Physicians’ interest in exploring the differences between black and white bodies was more than simply medical. In addition, physicians sought to claim a place for themselves in the increasingly shrill national debate about slavery. By offering their expertise as impartial observers of immutable biological truths, doctors hoped to demonstrate the inevitability and benefits of slavery and, at the same time, enhance their own reputations. Some might wish to contest the implications of race and the legitimacy of slavery, but southern doctors were united in their belief that the truth could be known by studying the laws of science and nature. While thus positioning themselves above the political fray, doctors insisted on the primacy of race in defining bodies, which allowed them to speak with a new kind of authority in defense of slavery. The success of their efforts to do so, closely tied to strategies for developing their own professional status, inspired yet even more searching for scientific truth in a circular process. While some physicians were able to critique the practices of individual slaveholders and call for a more humane slavery, none was able to recognize the politics that was at the heart of science as they perceived it. Instead, those who sought national recognition for their conclusions about raced bodies and slavery ended up simultaneously defending a particular southern science of medicine, one far less objective than they were willing to admit.
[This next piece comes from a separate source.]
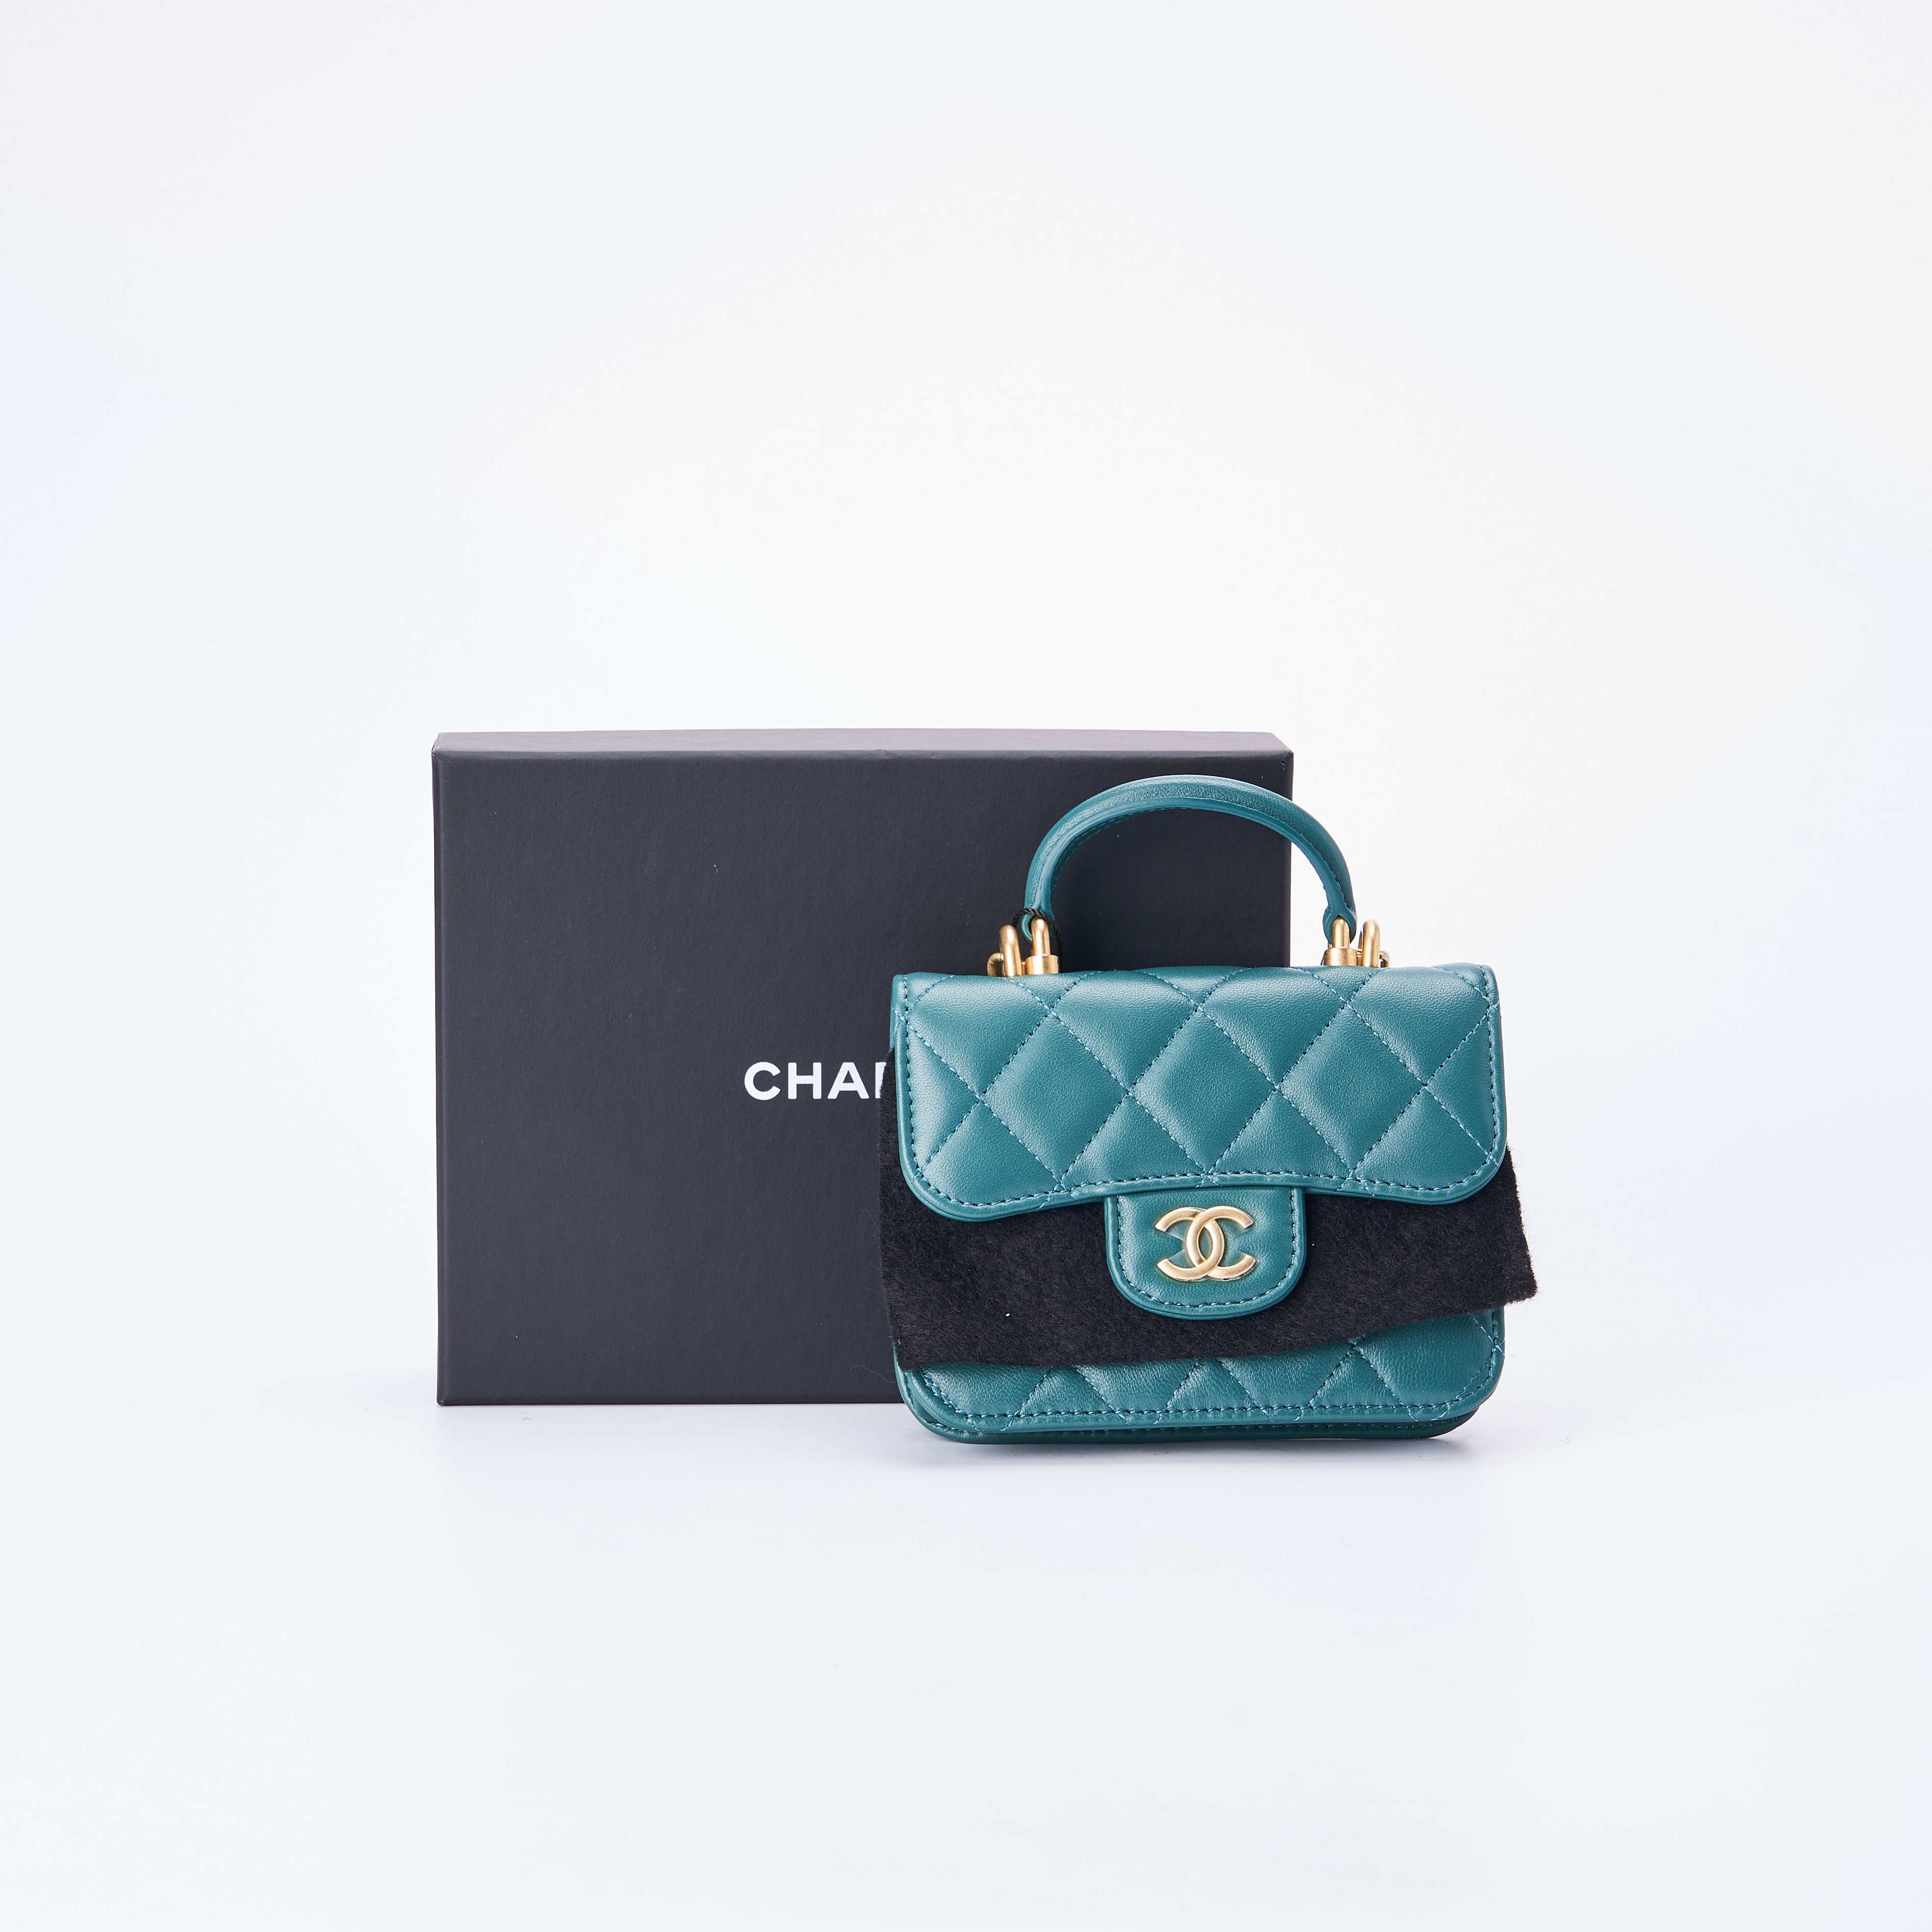 chanel链条包 临时【准新】Chanel香奈儿 柄口盖链条包 12*9 公价¥13000_推荐淘宝好看的chanel链条包
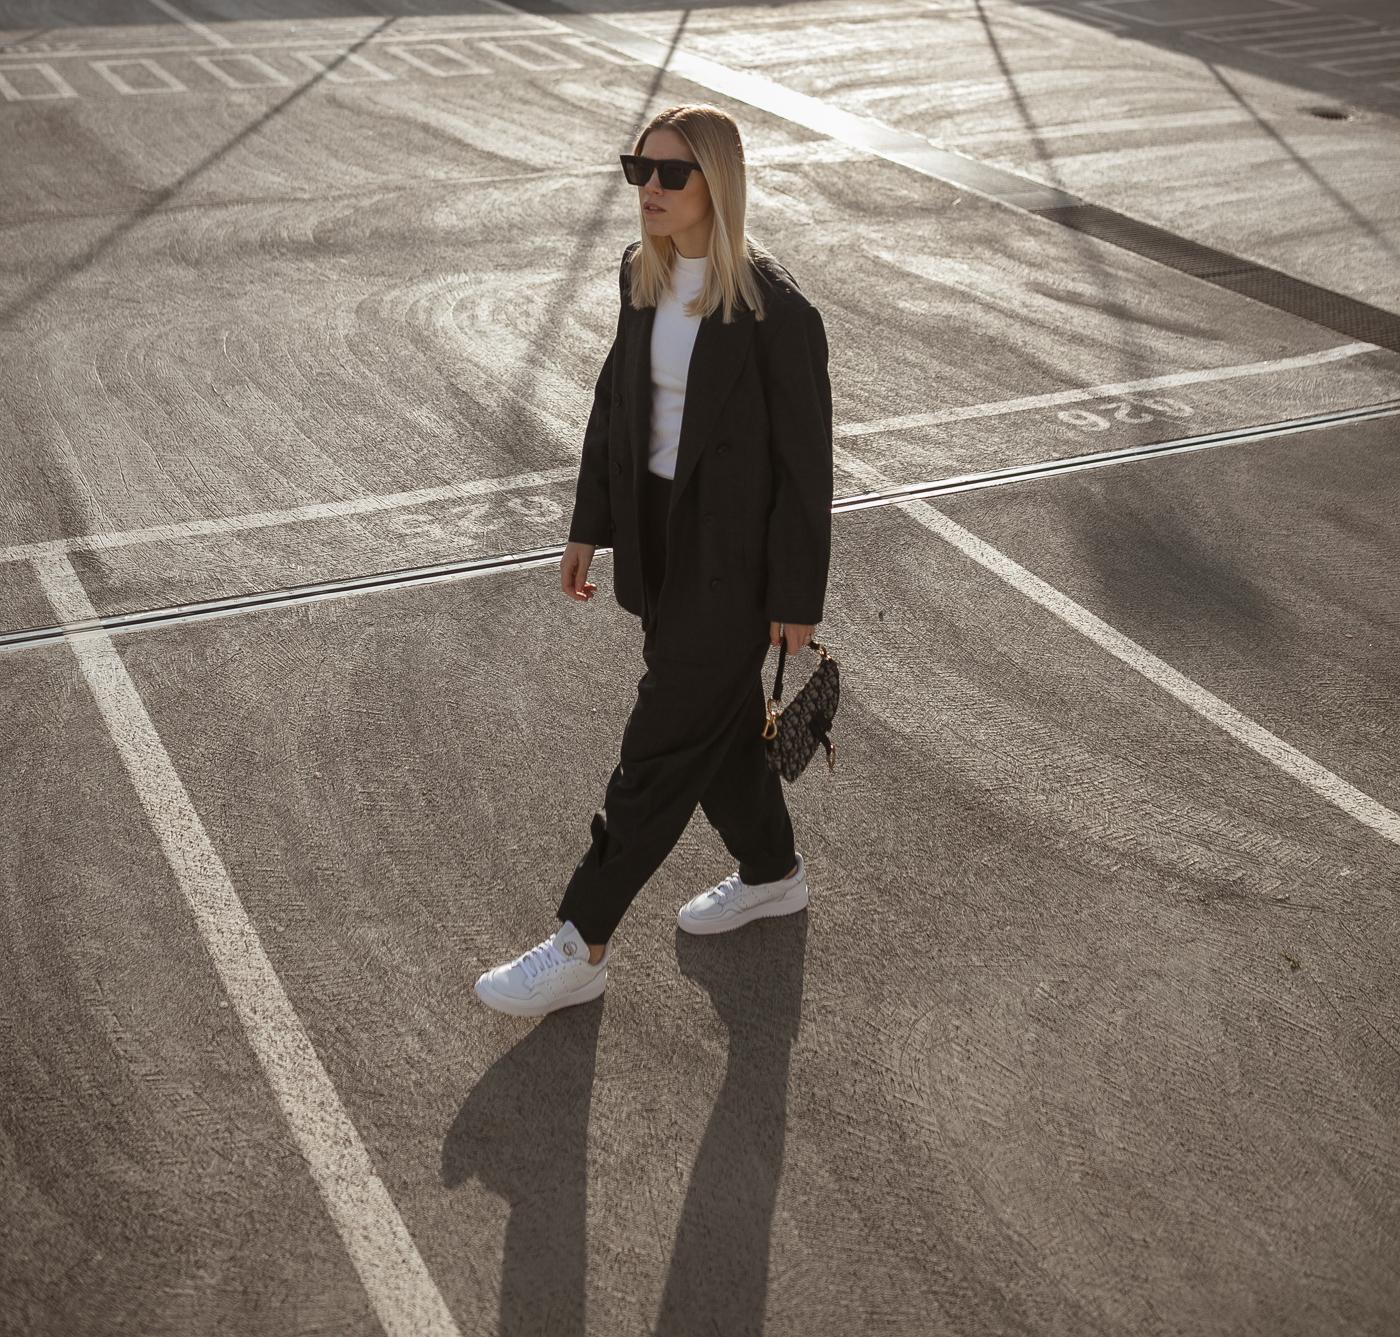 Sneakers-Anzug-modeblog-Düsseldorf-Dior-Saddle-bag

Defining the Differences between Races

Physicians concerned with the bodily consequences of race differences typically grounded their thinking in observation. Empiricism was a common strategy of midcentury medical practice that effectively served the needs of those whose culture and society led them to view race as paramount in explaining human variation.6 Confronted with multiple challenges to and defenses of slavery, southern doctors could rarely see beyond race as a way of defining bodies. Instead, they turned their attention to studies of comparative anatomy as a means of determining for themselves the meanings and consequences of race for the body.
Midcentury southern physicians were unlikely to ask themselves whether the differences between whites and blacks were no more than skin deep. To do so would have required them to acknowledge the possibility that slavery was immoral, because the human beings inside those skins were essentially the same. As a group, physicians were quite unprepared to do this, although many called for improvements in the treatment of slaves. Instead, assumptions about race differences were so ingrained as to be beyond question; the only significant issue had to do with the meanings of those differences, not their existence. Their studies of comparative anatomy, then, were built on the presumption that there were significant race differences, differences that led them to consider the medical meanings of race.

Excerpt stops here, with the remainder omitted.